- **Data block**

==*==

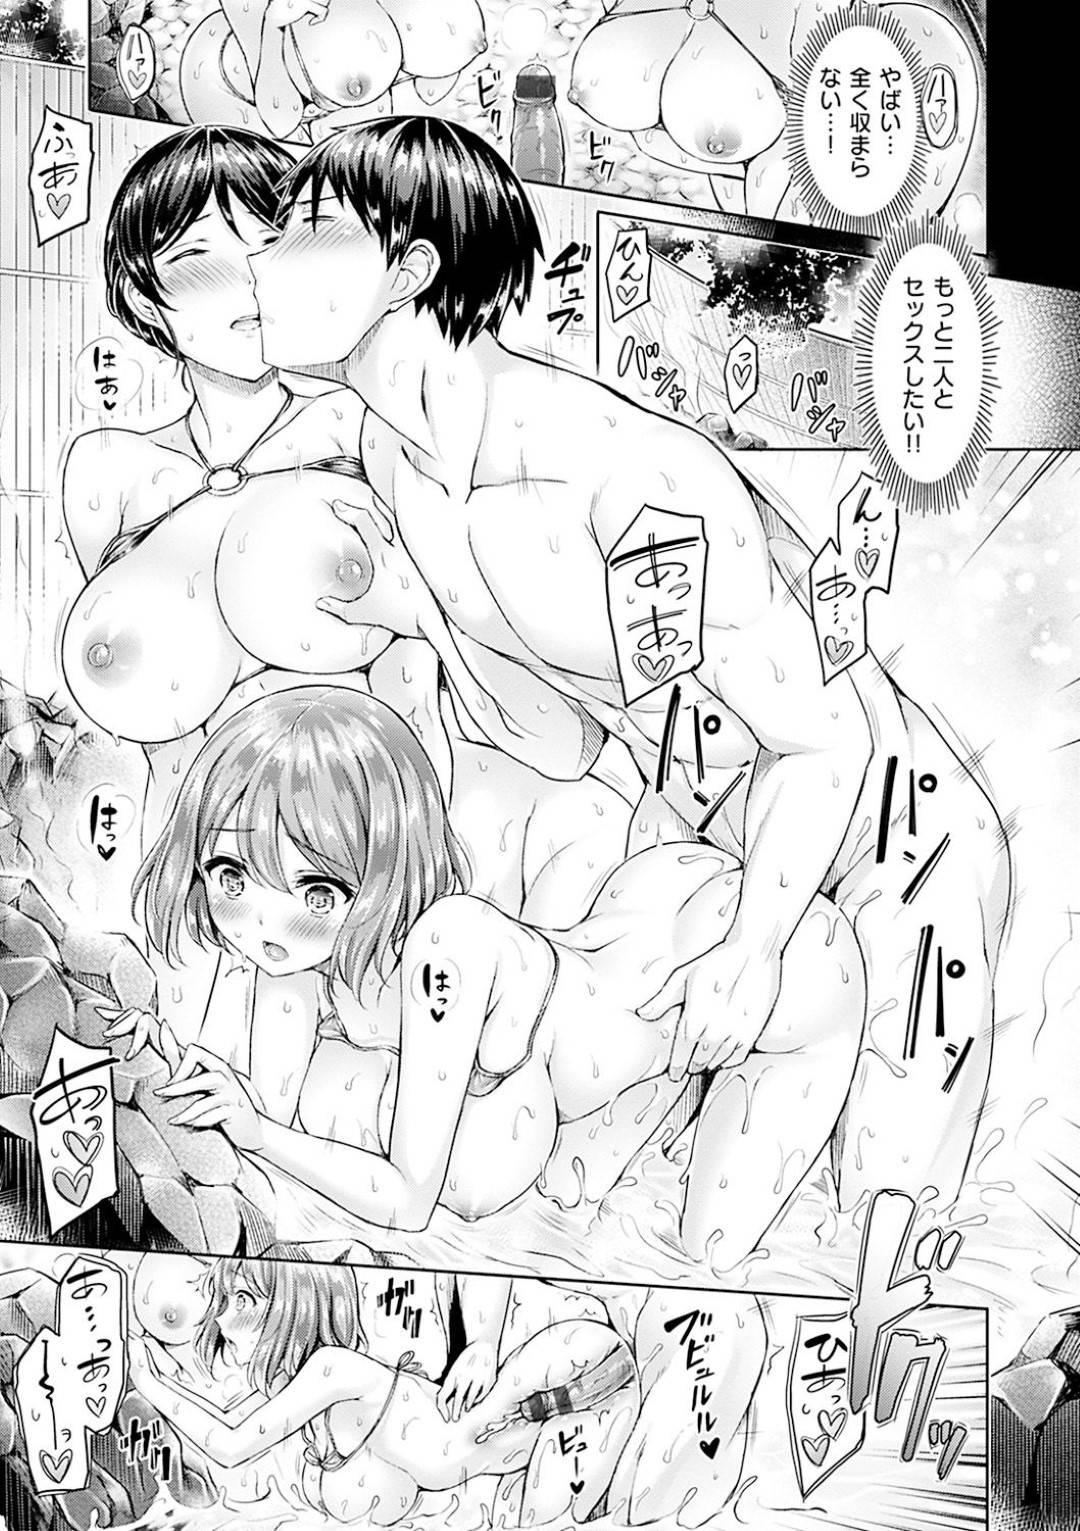 【エロ漫画】男友達と混浴の温泉で3Pセックスしてしまう2人の巨乳お姉さん…彼女たちは彼を取り囲んでは立ちバックや騎乗位などの体位で連続中出しさせる!
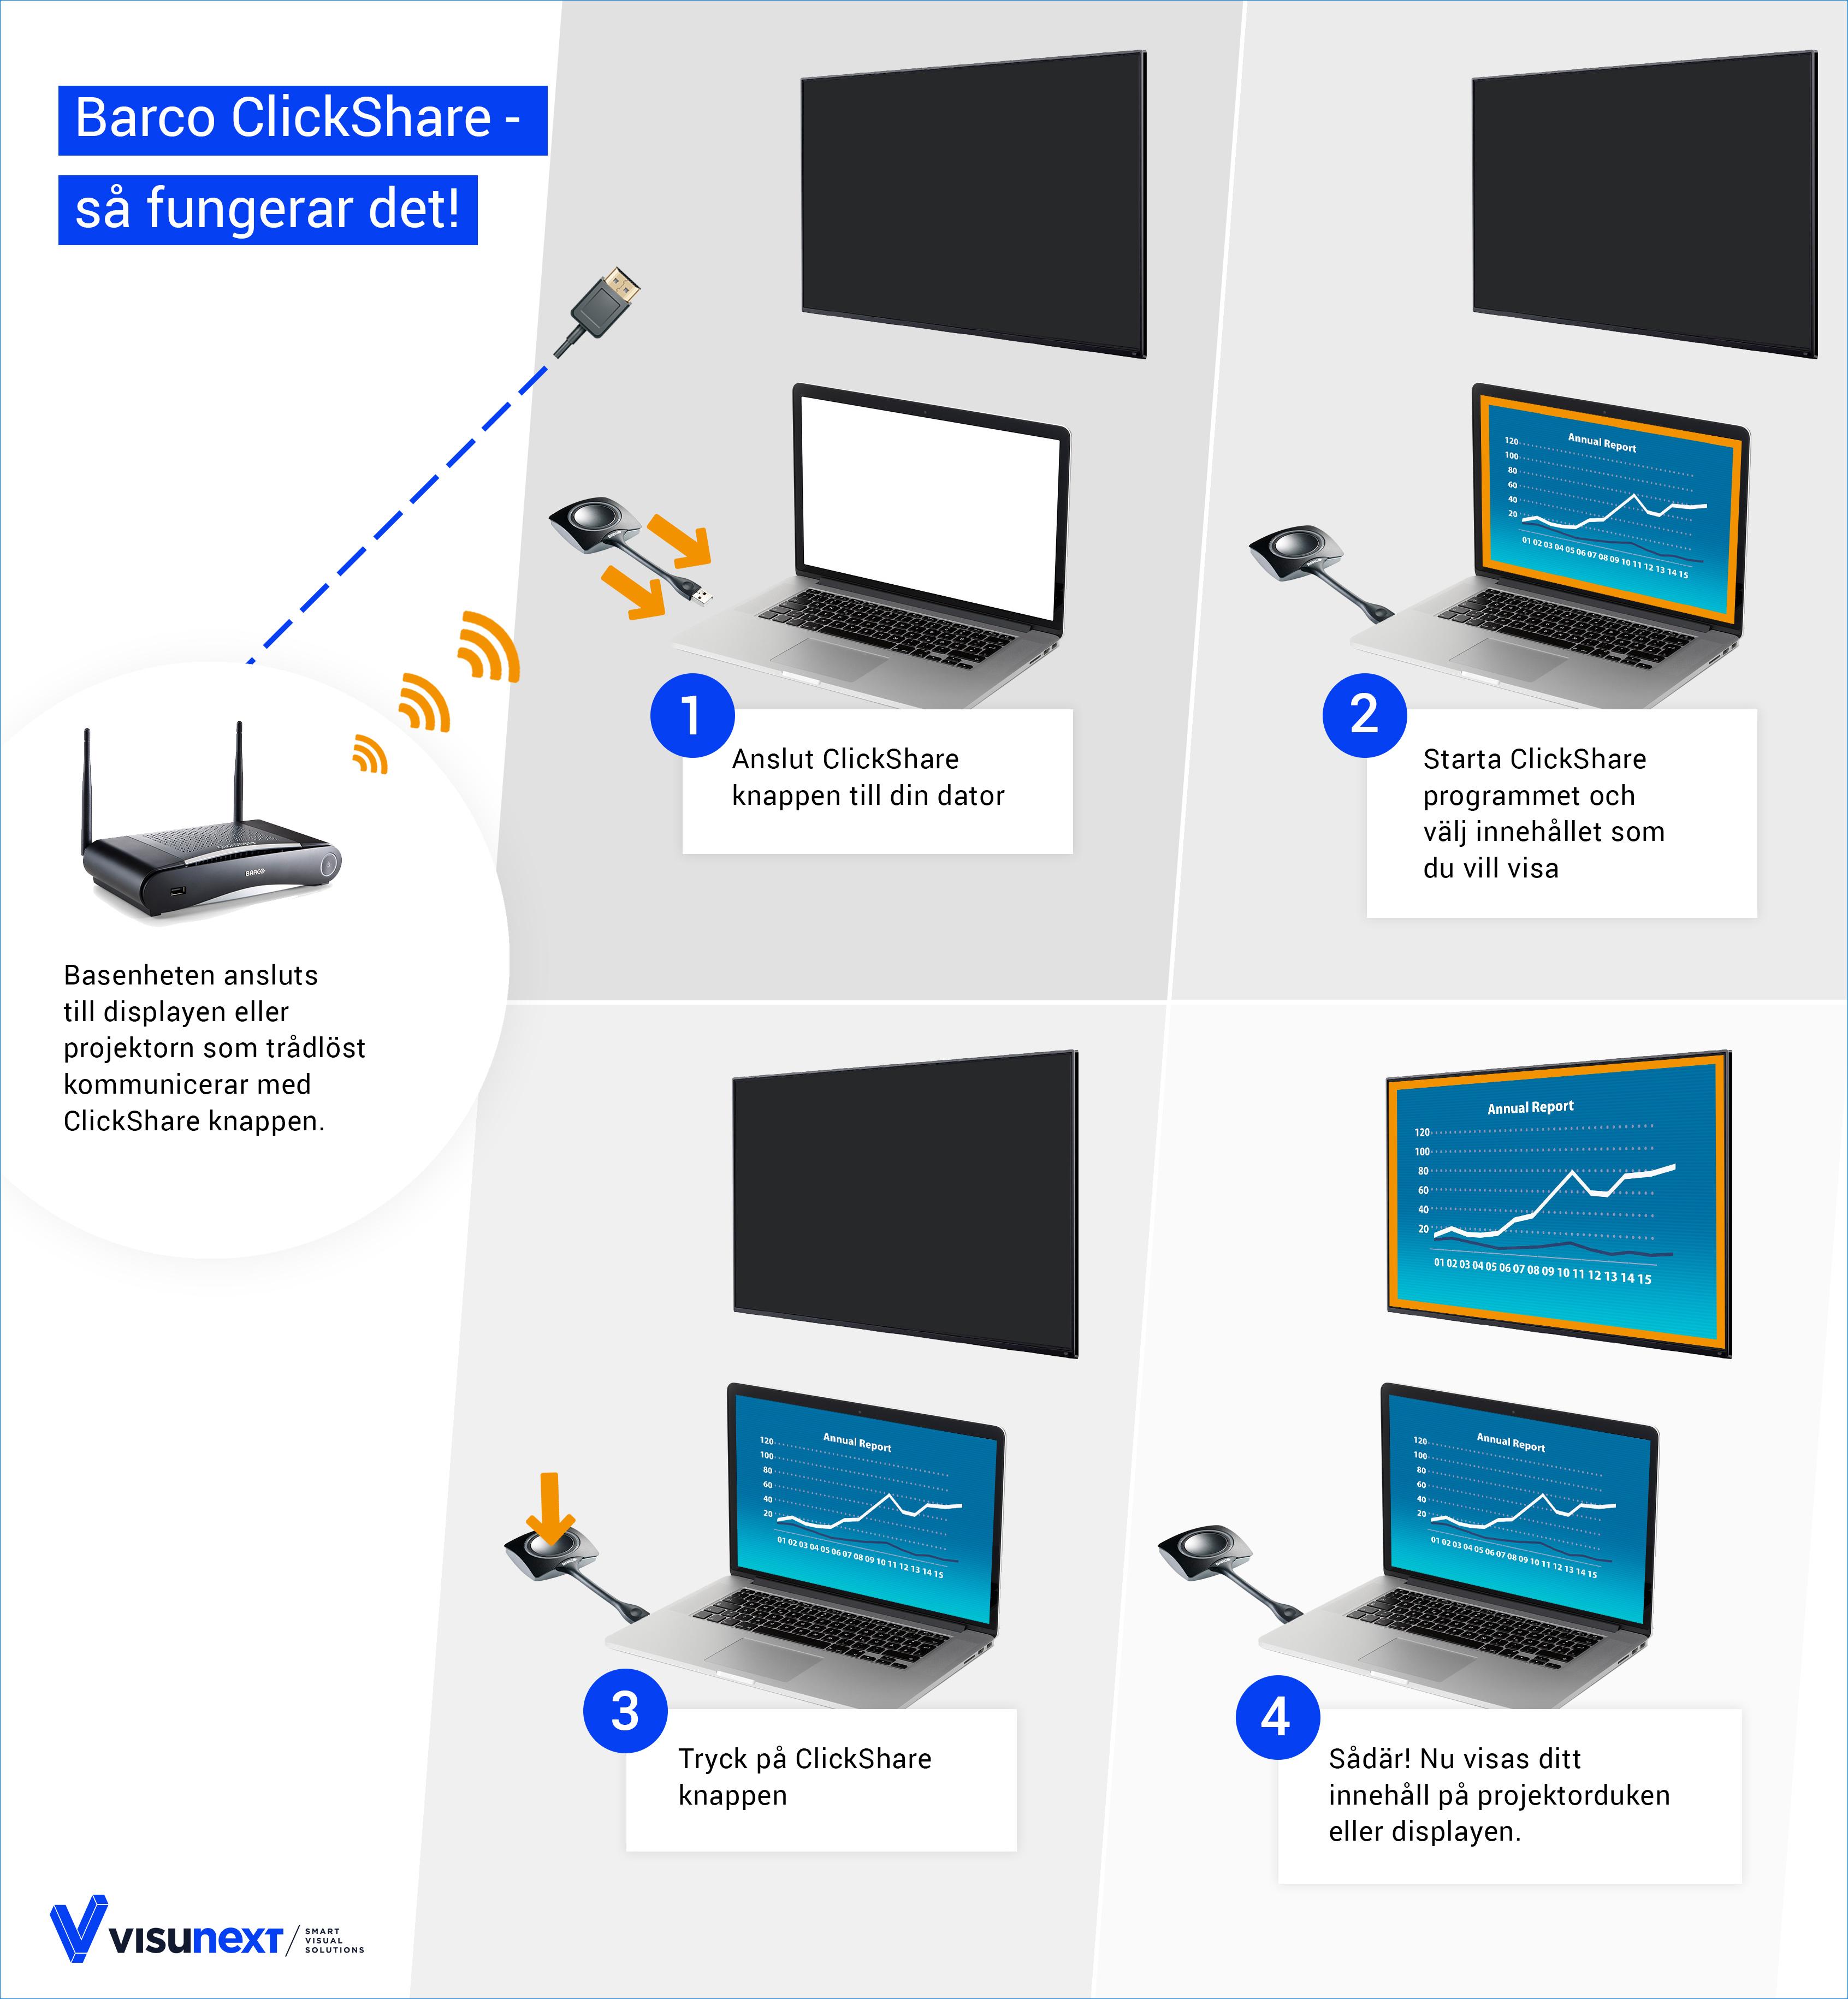 Funktionen hos Barco ClickShare-systemen är lätt att förklara
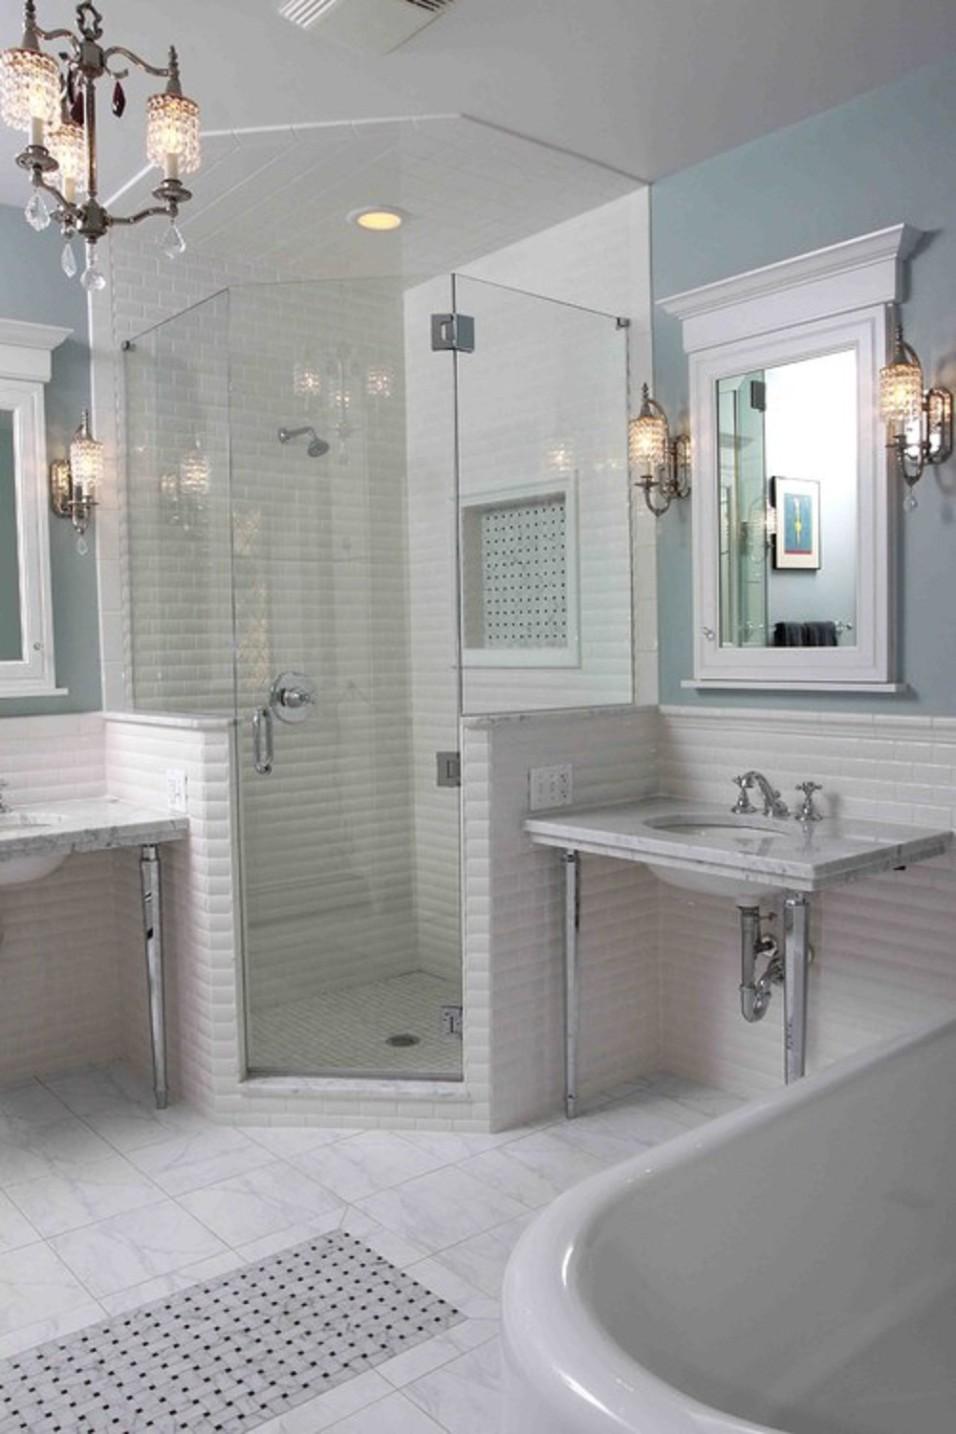 Vintage-Bathroom-Renovation-Ideas

==*==

- **Task instructions**
Print exactly, and only, the lines from the line containing "Funktionen hos Barco" to the last line of the material above, with every picture left out.

- **Task solution**
 Funktionen hos Barco ClickShare-systemen är lätt att förklara
 Vintage-Bathroom-Renovation-Ideas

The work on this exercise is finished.